Pria asal Desa Putat Lor, Menganti Gresik ini tega berhabisi anaknya berinisial AZ (9) saat sang buah hati sedang tidur terlelap di kamarnya. Akibat kejadian tersebut, AZ meninggal usai mengalami 24 luka tusuk di bagian punggung hingga tembus ke jantungnya.

Dari laporan di Detik.com, Affan mengakui bahwa ia tidak menyesali tindakannya membunuh anaknya. Ia berkeyakinan bahwa anak-anak yang meninggal akan masuk surga, dan ia membunuh anaknya karena merasa kasihan melihat anaknya sering memikirkan sang ibu yang telah pergi. Alasan ini memperkuat tekadnya untuk membunuh anaknya sendiri.

BACA JUGA: KONSEP INTIMATE WEDDING JADI BARANG MEWAH BUAT ANAK DESA

Diketahui sebelum tepatnya tiga hari sebelum kejadian istri Affan meninggalkan rumah. Menurut keterangannya, sang istri kembali ke pekerjaannya yang dulu pernah dilakukannya sebelum menikah yaitu sebagai pemandu lagu atau LC (Ladies Companion). 

Meski demikian, Ia membantah jika alasan dirinya membunuh putrinya karena sakit hati ditinggal istrinya menjadi LC. Ia hanya ingin putrinya tidak lagi memikirkan keadaan keluarga yang sudah terlanjur berantakan.

“Makanya saya bunuh, biar anak saya masuk surga. Karena belum dewasa, pasti masuk surga, tidak terbebani dengan dosa-dosa orang tuanya. Daripada anak saya tersiksa di dunia memiliki ibu yang banyak dosa,” ujar Affan, Sabtu 29 April 2023 dikutip dari Detik.com oleh Froyonion.com.

“Sekarang kan anak saya sudah bahagia di akhirat, jadi gak perlu lagi mikir saya dan ibunya,” pungkasnya.

Ia mengaku tidak ingin putri semata wayangnya memikirkan latar belakang dan kelakuan ibunya. Ia tak tega mendengar cerita dari putrinya yang kerap mendapat bully-an dari teman-teman sebaya karena memiliki orang tua dengan latar belakang yang buruk.

Bukan, malah berjuang dan membenahi kembali kehidupannya untuk sang putri tercinta, Affan malah membuat jalan pintas dengan membunuh putrinya tersebut dengan alasan yang cukup tidak masuk akal. 

Kasus tragis seorang ayah yang membunuh anak kandungnya karena masalah ekonomi dan ketidaksiapan mental sebelum menikah memang menjadi sebuah kejadian yang sangat menyedihkan dan tidak seharusnya terjadi. 

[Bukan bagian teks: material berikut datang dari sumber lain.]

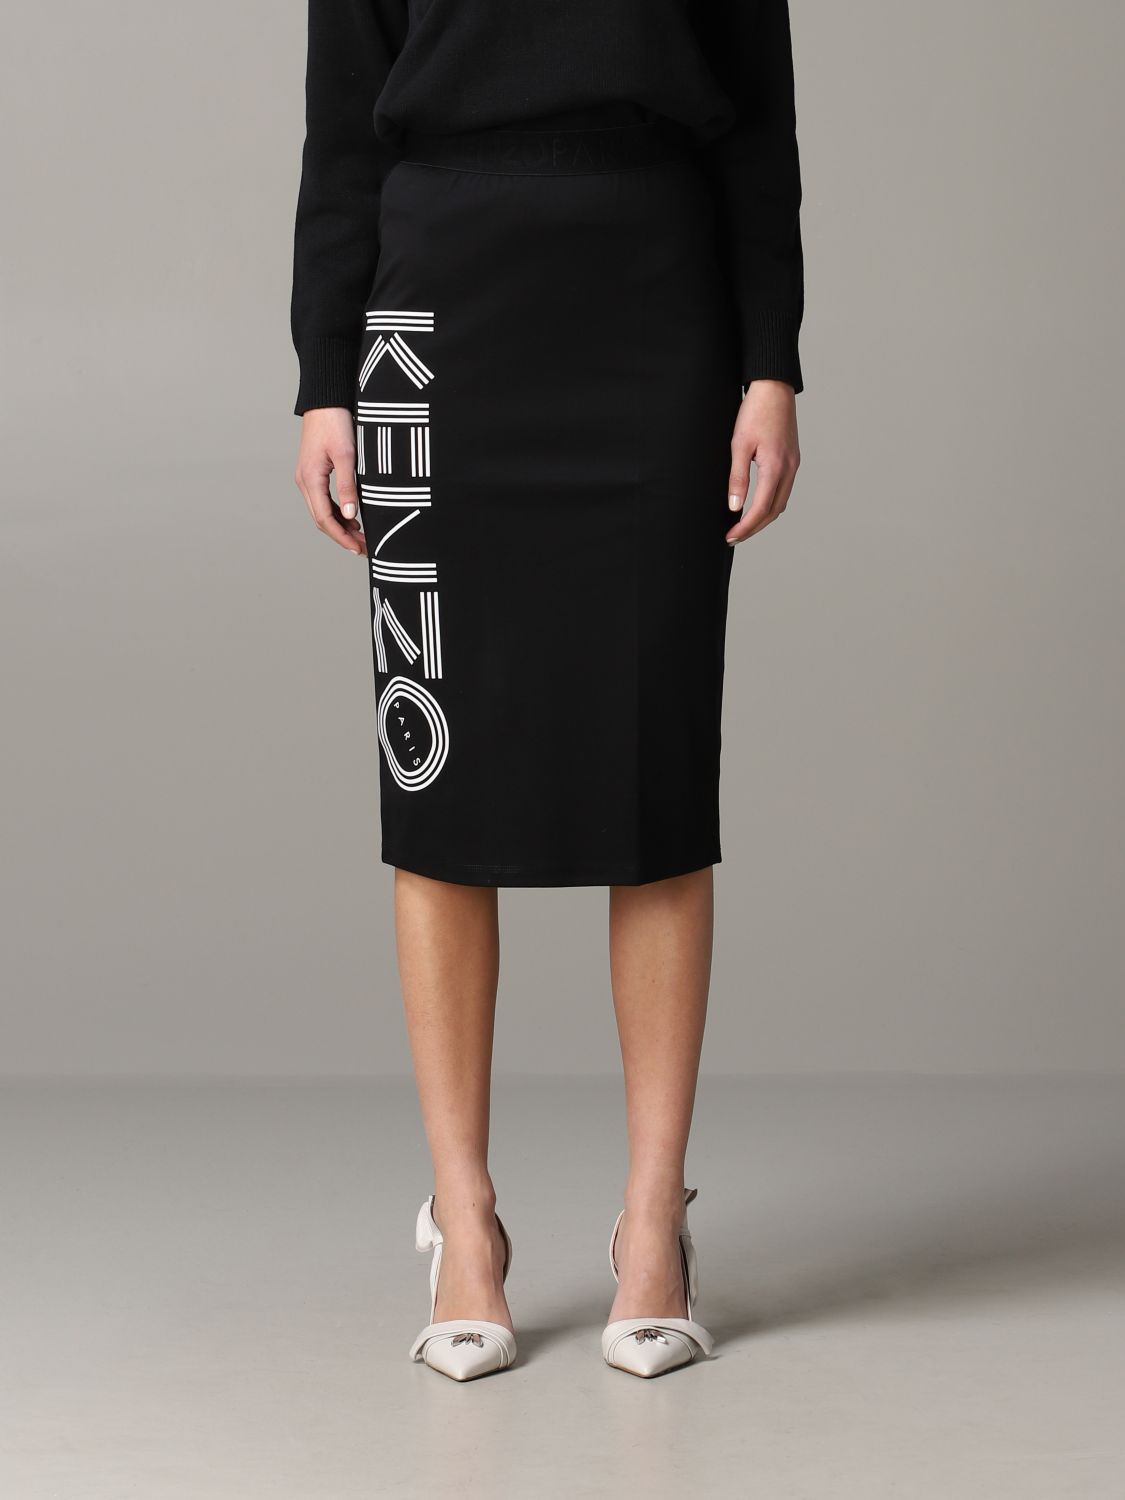 わせるとと】 KENZO - kenzo スカート 黒 グレーの通販 by uu's shop

Lewat kejadian ini, kita semua bisa berbenah diri bahwa perlu mempersiapkan segala hal bukan hanya mental, namun juga fisik dan dan finansial sebelum kita memutuskan untuk menikah.

BACA JUGA: SUKA DUGEM TAPI NGGAK ‘MINUM’, EMANG SALAH?

Beberapa waktu lalu juga sempat heboh mengenai dengan fenomena ‘childfree’, yaitu ketidak inginan seseorang untuk memiliki anak. 

Mereka memilih untuk tidak memiliki anak karena beberapa alasan, seperti faktor ekonomi, kesehatan, karier, atau ketidakpercayaan pada institusi pernikahan. Namun, ada juga sebagian orang yang tidak ingin memiliki anak karena takut tidak mampu menjadi orangtua yang baik atau merasa tidak siap secara mental. 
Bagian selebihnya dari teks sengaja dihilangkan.